As the use of anti-tumor necrosis factor α (anti-TNFα) treatment has grown, the increasing incidence of associated infectious complications, particularly tuberculosis, has emerged as the therapy’s main drawback.[1] Currently, screening for tuberculosis prior to initiation of treatment with anti-TNFα agents relies on clinical and radiographic assessment and the tuberculin skin test (TST).[2] In case of latent infection, a course of chemoprophylaxis with one of the accepted regimens should be instituted to prevent development of active disease due to exposure to anti-TNFα.[2,3,4]

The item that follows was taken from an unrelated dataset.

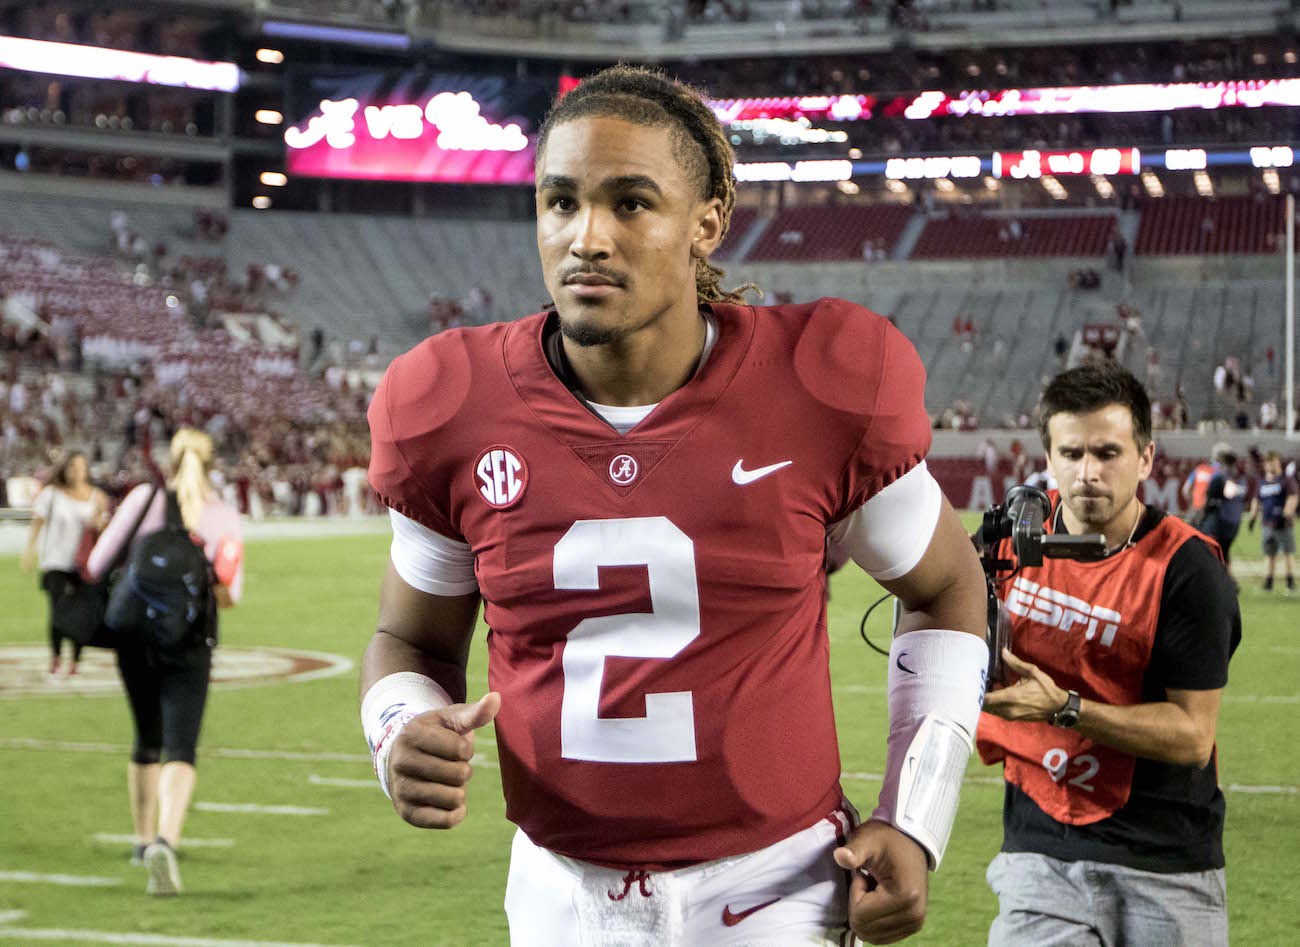 LOOK: Jalen Hurts shows off new haircut ahead of start of summer practices.

Some interesting recent reports have focused on the prevention of tuberculosis in these patients. However, they may cause some misunderstanding, especially among physicians who are not used to dealing with the problem. [3,5,6) Firstly, it has been suggested that the TST is not helpful in patients receiving immunosuppressive therapy and therefore should not be performed;[3,5] secondly, based on the observation that some patients with initial negative TST become positive in the course of anti- TNFα therapy, another report recommends repeating the test after certain period of treatment.[6]

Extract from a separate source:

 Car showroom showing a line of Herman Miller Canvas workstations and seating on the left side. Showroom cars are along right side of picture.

The latest guidelines of the British Thoracic Society (BTS) question the usefulness of the TST in patients on immunosuppressant treatment.[3] Given the test’s unreliability in patients receiving an immunosuppressive agent that is the majority, the guidelines argue against its use. The strategy they propose involves calculating the individual annual risk of tuberculous infection on the basis of clinical and epidemiological data such as age, ethnic group, and length of time in the developed country.[3,5] While accepting that the sensitivity of the TST in these circumstances is indeed lower with the impaired delayed-type hypersensitivity (DTH) due to the treatment or the disease itself,[7] it should be borne in mind that the clear decline in the incidence of active tuberculosis among patients receiving anti-TNFα has been achieved with the implementation of programs for detection and prevention of reactivation of latent disease, based mainly on the TST and chemoprophylaxis with isoniazid.[2-4] In addition, the critical level of immunosuppression above which the TST is not reliable for estimating the likelihood of anergy in a particular individual receiving immunosuppressive drugs is unknown at present.

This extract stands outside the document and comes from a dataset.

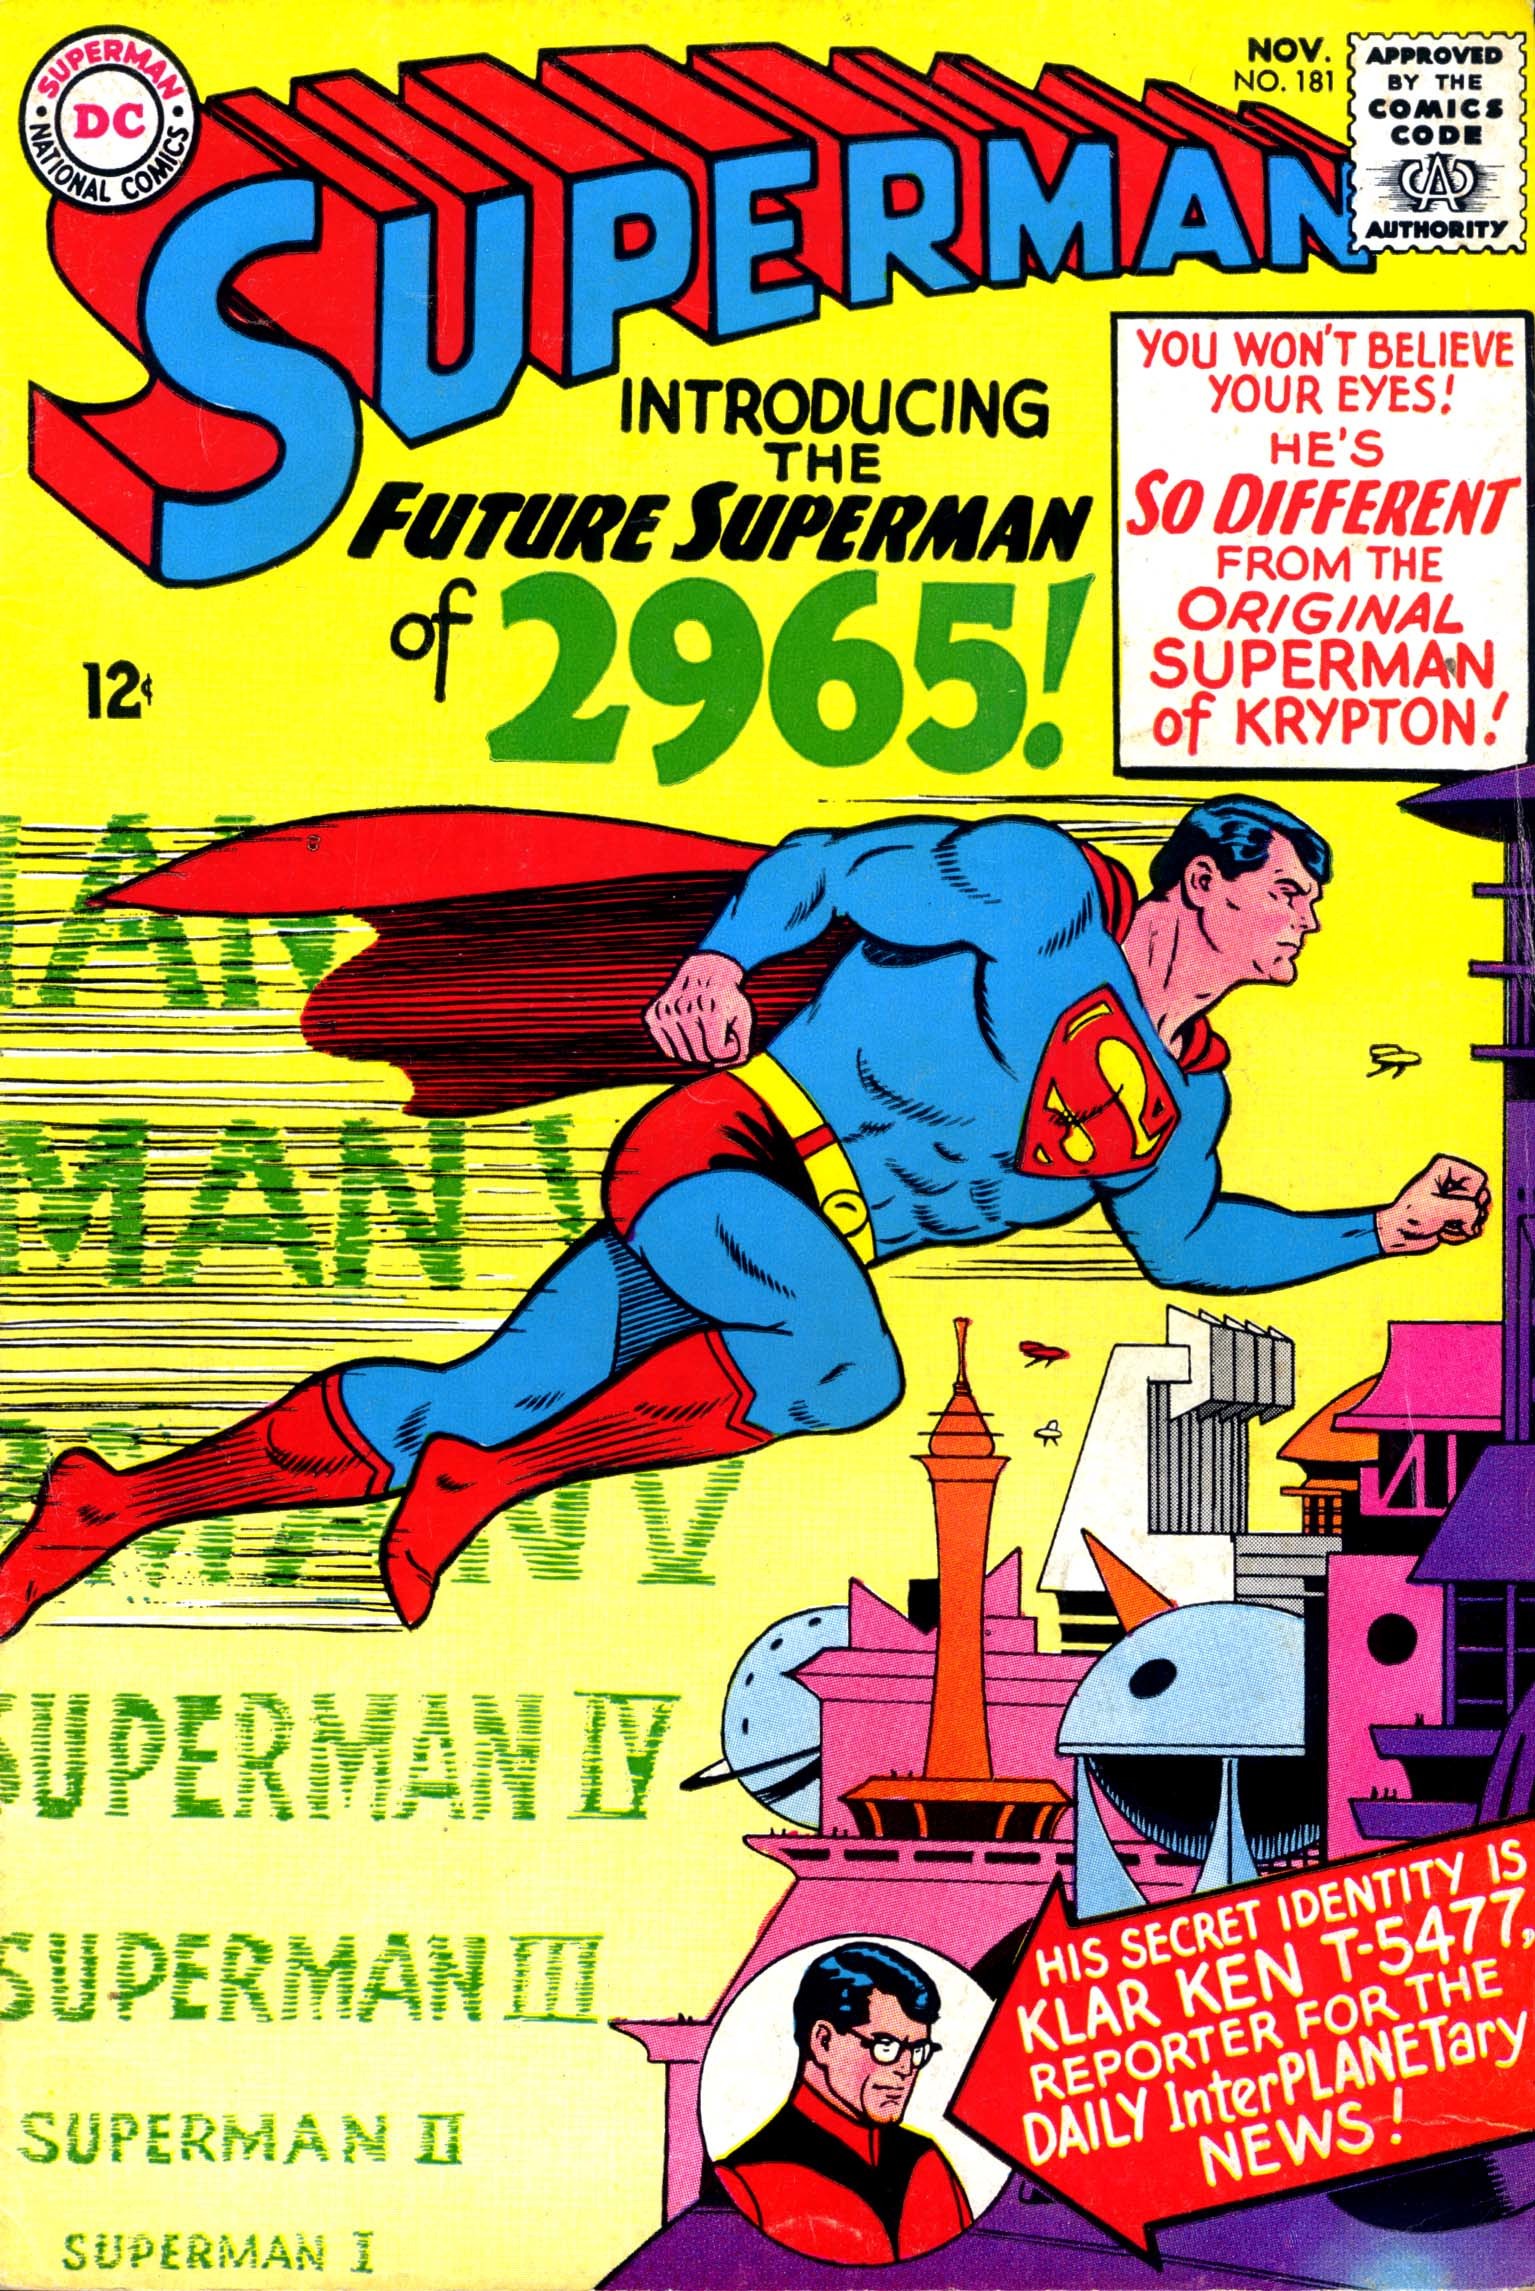 The Superman of 2966

In another report published in this journal,[6] Joven BE et al. prospectively studied 61 patients with rheumatic disease, mostly rheumatoid arthritis, treated with infliximab. Interestingly, after 54 weeks of treatment, 3 of 48 (6.3%) patients with initially negative TST became positive, and 1 of 13 (7.6%) positive at initial TST became negative. What is more, in patients with positive initial TST, the mean induration diameter increased. The authors concluded that antiTNFα agents, rather than interfering with the cellular immune response to mycobacterial antigens, can actually improve the diagnostic value of the TST by improving the anergy associated with active arthritis. They suggest repeating TST in patients with an initial negative test after a period with anti-TNFα treatment.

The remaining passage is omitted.